Part One: Japan, Democracy, and the Globalization of Nuclear Power (Updated throughout 3/20/2011)
Part Two: Nuclear Gypsies (posted 3/20/2011)
Since I woke up last Friday, I’ve been monitoring the terrible earthquake and tsunami that hit Japan and watching with horror as the Tokyo Electric Power Co.’s nuclear complex in Fukushima transformed a natural catastrophe into an environmental crisis of the first order. It’s been a painful experience because I grew up in Tokyo, have a Japanese step-mother, and have many friends, both American and Japanese, living there.

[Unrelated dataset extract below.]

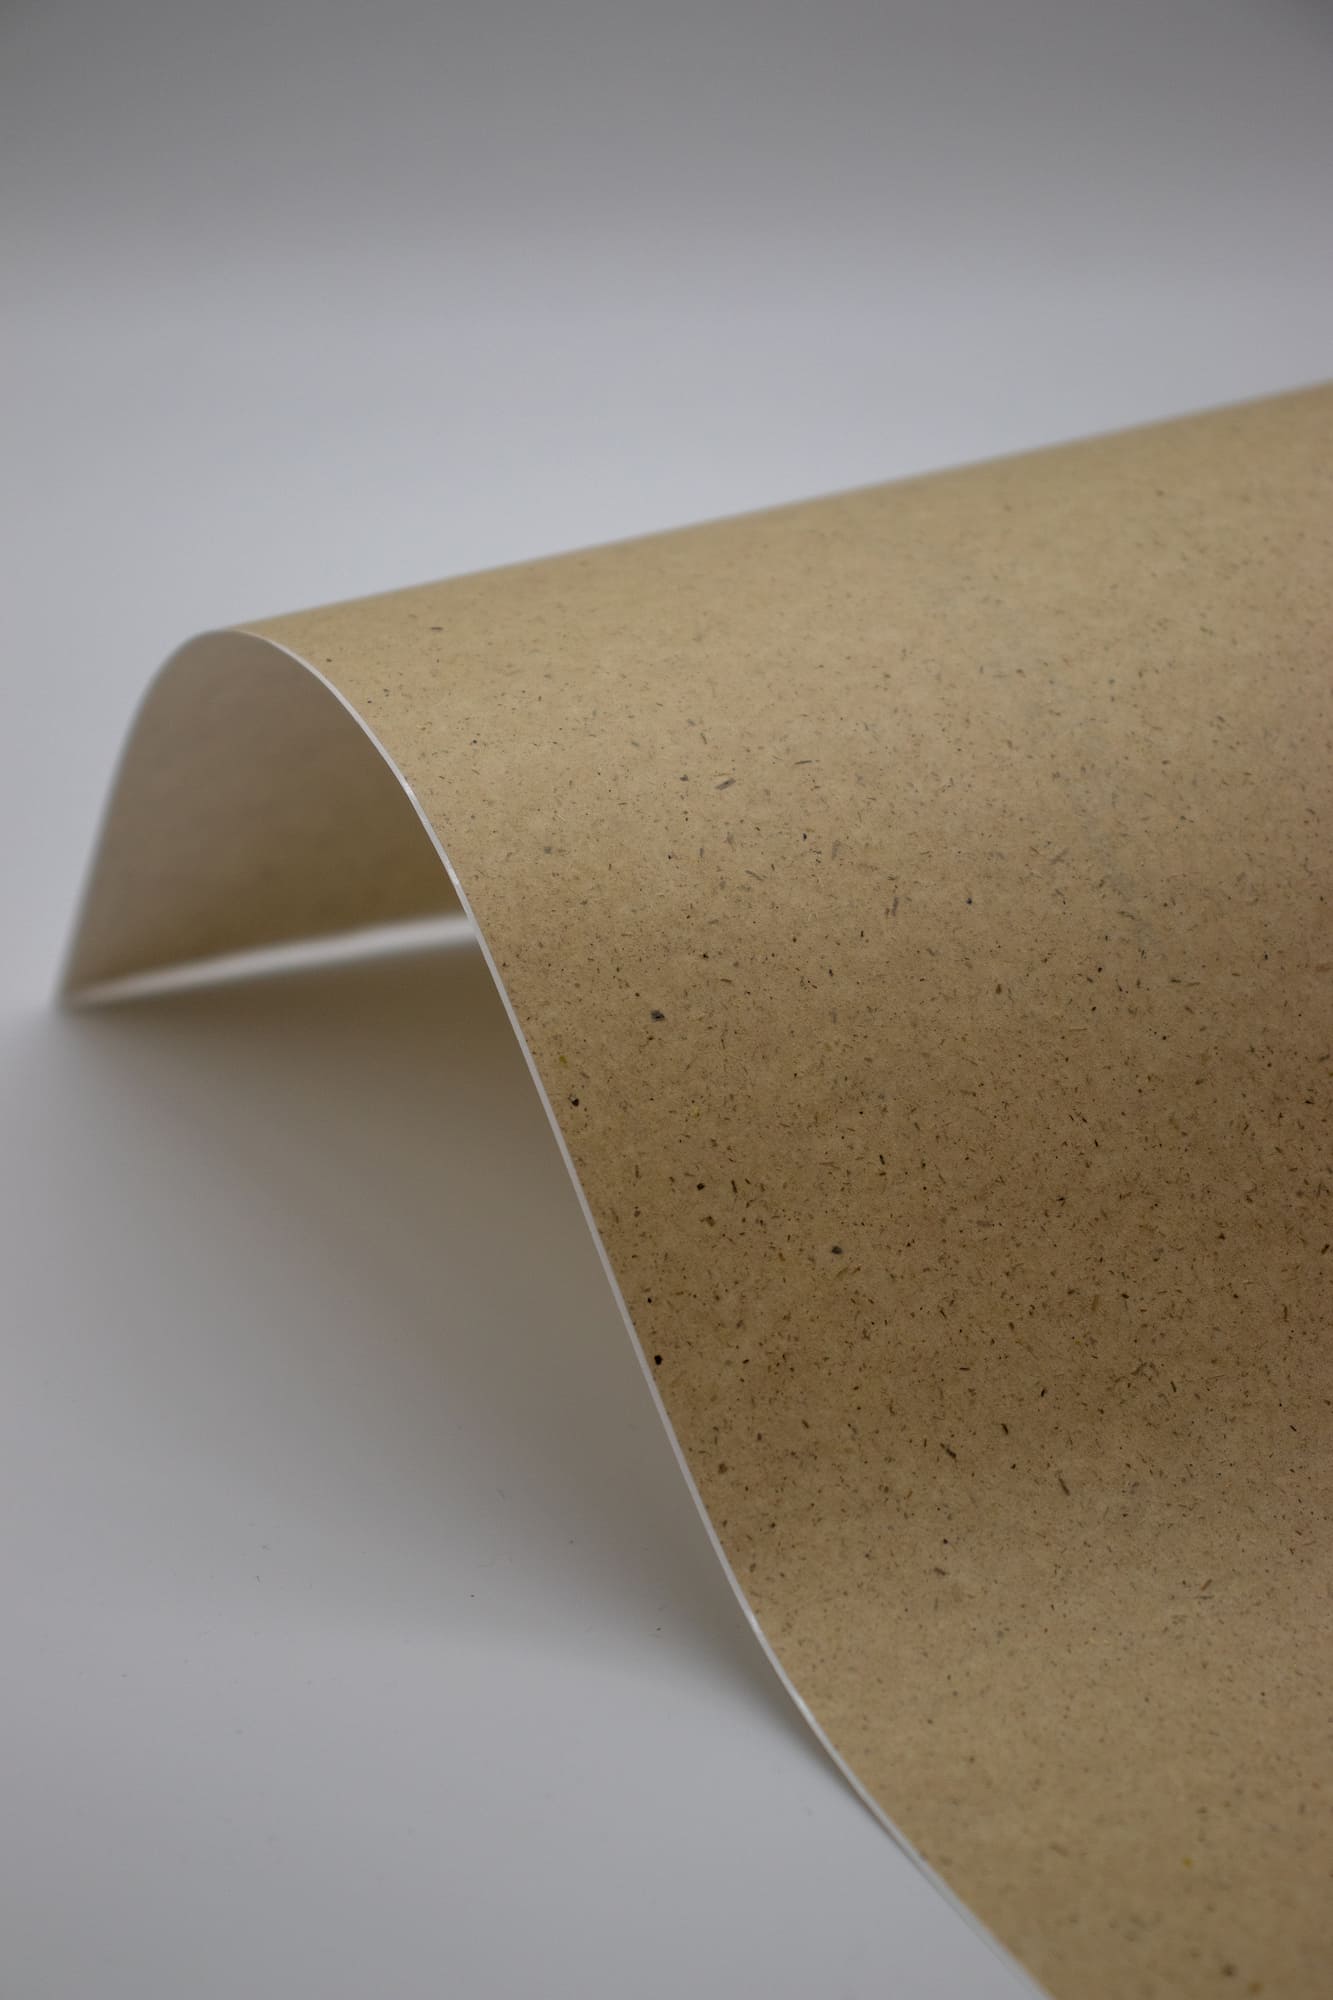 ENDI-HAFT Graspapier Etiketten, 60 mm rund auf DIN A4 Bögen

The unfolding nuclear disaster has also triggered memories of the times I spent in Japan as a journalist in the 1980s, when I wrote for and worked closely with a Japanese citizen’s group called Pacific Asia Resource Center (PARC), which was organized in the 1960s by Japanese antiwar, environmental and labor activists and became a regional center that build close ties with people’s movements throughout Asia. One of the activists I met during that time was the late Dr. Jinzaburo Takagi, who went to co-found the Citizens’ Nuclear Information Center (CNIC), Japan’s most prominent opponent of nuclear energy and an important source of news and information about the current crisis at Fukushima (click here for CNIC’s statement on the crisis).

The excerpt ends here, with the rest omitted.